The FDA has announced an urgent recall over 16,500 cans of powdered baby formula due to high levels of vitamin D. 

The Perrigo Company is recalling a batch of their formula sold by H-E-B grocery and CVS Pharmacies in twelve states. 

Regulators say the product was shipped to stores in California, Florida, Indiana, Michigan, Missouri, New Jersey, Pennsylvania, Rhode Island, South Carolina, Tennessee, Texas and Virginia. 

In a notice posted by the FDA they said that for most infants short-term consumption was unlikely to cause harm. 

They did warn that the formula could result in health implications for those with impaired renal function.

The Perrigo Company is recalling a batch of their formula sold by H-E-B grocery and CVS Pharmacys in twelve states, seen here

Regulators say the product was shipped to stores in twelve states

The impacted products include those shipped to CVS starting Feb. 6, 2024, with a use-by date of Nov. 11, 2025, and UPC code of 050428318034. 

While those that shipped to H-E-B on February 2 also possibly contaminated, with use-by dates of Nov. 9, 2025, and Nov. 11, 2025, and UPC code 041220164578. 

The notice added: 'Parents and caregivers who may have purchased the product should look for the lot codes below with 'use by' dates, which can be found on the bottom of the package and should contact their health care provider if they have any concerns.'

The recent recall by Perrigo comes after Texas-based Dairy Manufacturers also recalled formula in May after failing to comply with FDA regulations.

The company recalled all lot codes for Crecelac Infant 0-12, Farmalac 0-12 and Farmalac 0-12 Low Lactose at both the retail and wholesale levels.

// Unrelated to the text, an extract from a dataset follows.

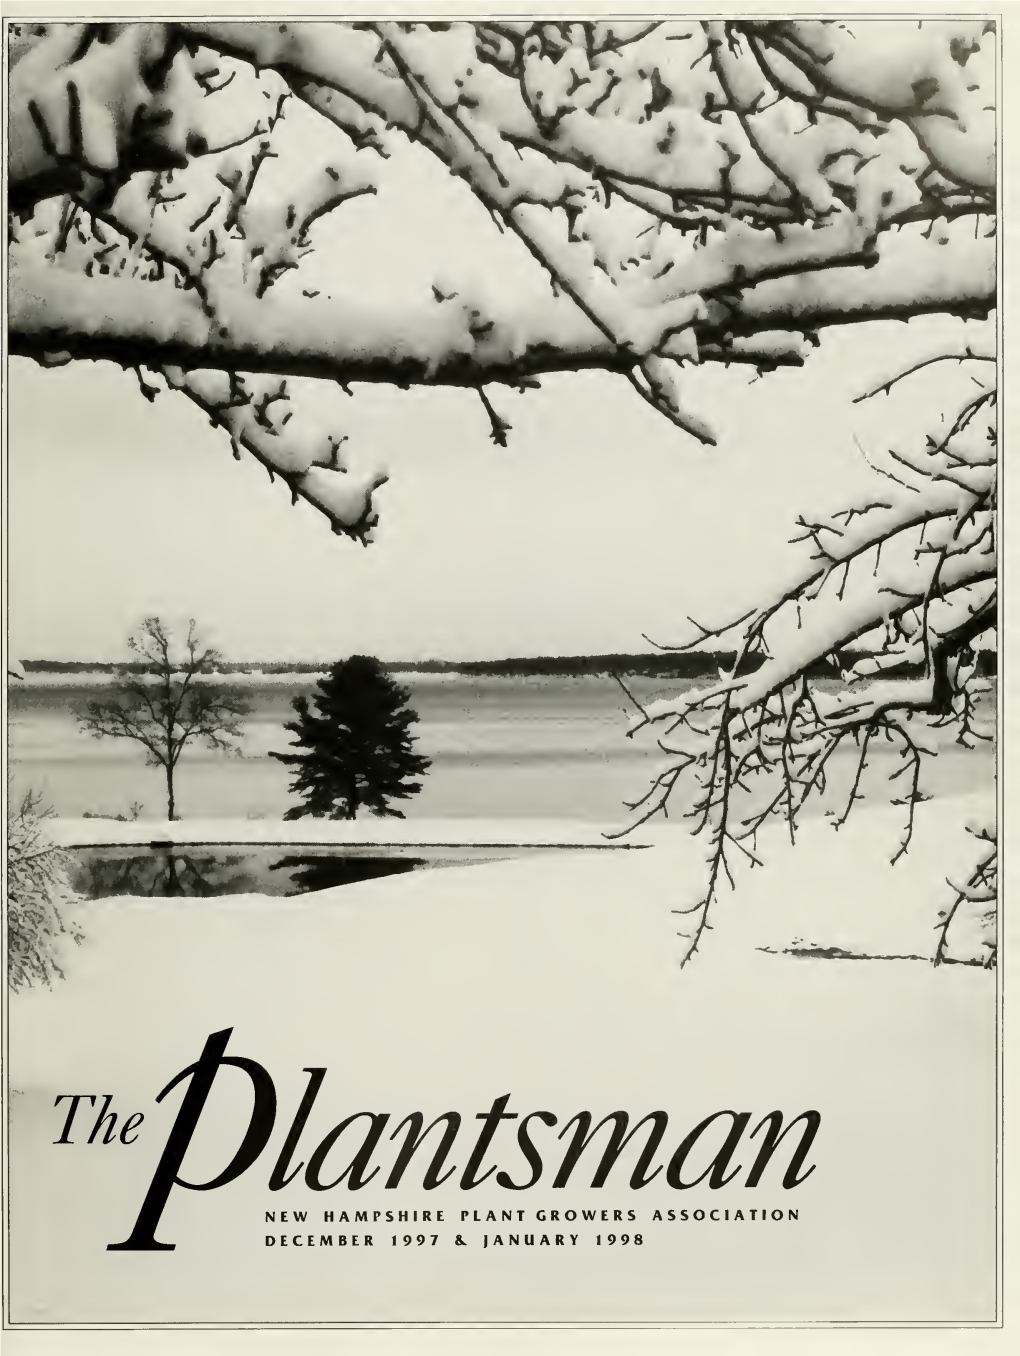 Plantsman, Dec 1997/Jan 1998

The affected products are packaged in 12.4-ounce cans and have expiration dates  of August 2025 and September 2025. According to the FDA, the formula retailed exclusively in the state of Texas.

The products were found in non-compliance with the agency's requirements for the registration of new infant formula.

In a notice posted by the FDA they said that for most infants short-term consumption was unlikely to cause harm 

The FDA has been bringing the hammer down on manufacturers in the wake of the February 2022 recall of several brands of Abbott Nutrition's powder infant formula. 
Testing in the company's Sturgis, Michigan, facility found Cronobacter contamination in non-product contact areas.

The FDA later announced that an analysis did not samples from patients to be closely genetically related to the strains found in the factory.

Abbott ultimately resumed production at its Sturgis facility amid a nationwide formula shortage.

Earlier this week, parents of a Kentucky baby who died last fall after drinking the formula said are suing Abbott.

Willow Jade Dellaquila, of Carrollton, Kentucky, was 13 days old when she died on November 5, 2023.

She was infected with cronobacter sakazakii, a dangerous germ traced to a can of Similac Total Comfort powdered formula used in the baby's bottles, records show.

The little girl had a stroke on the right side of her brain, according to Willow's mother Cheyenne Ping, 25.

'It´s really heartbreaking. No one should have to go through this,' she said.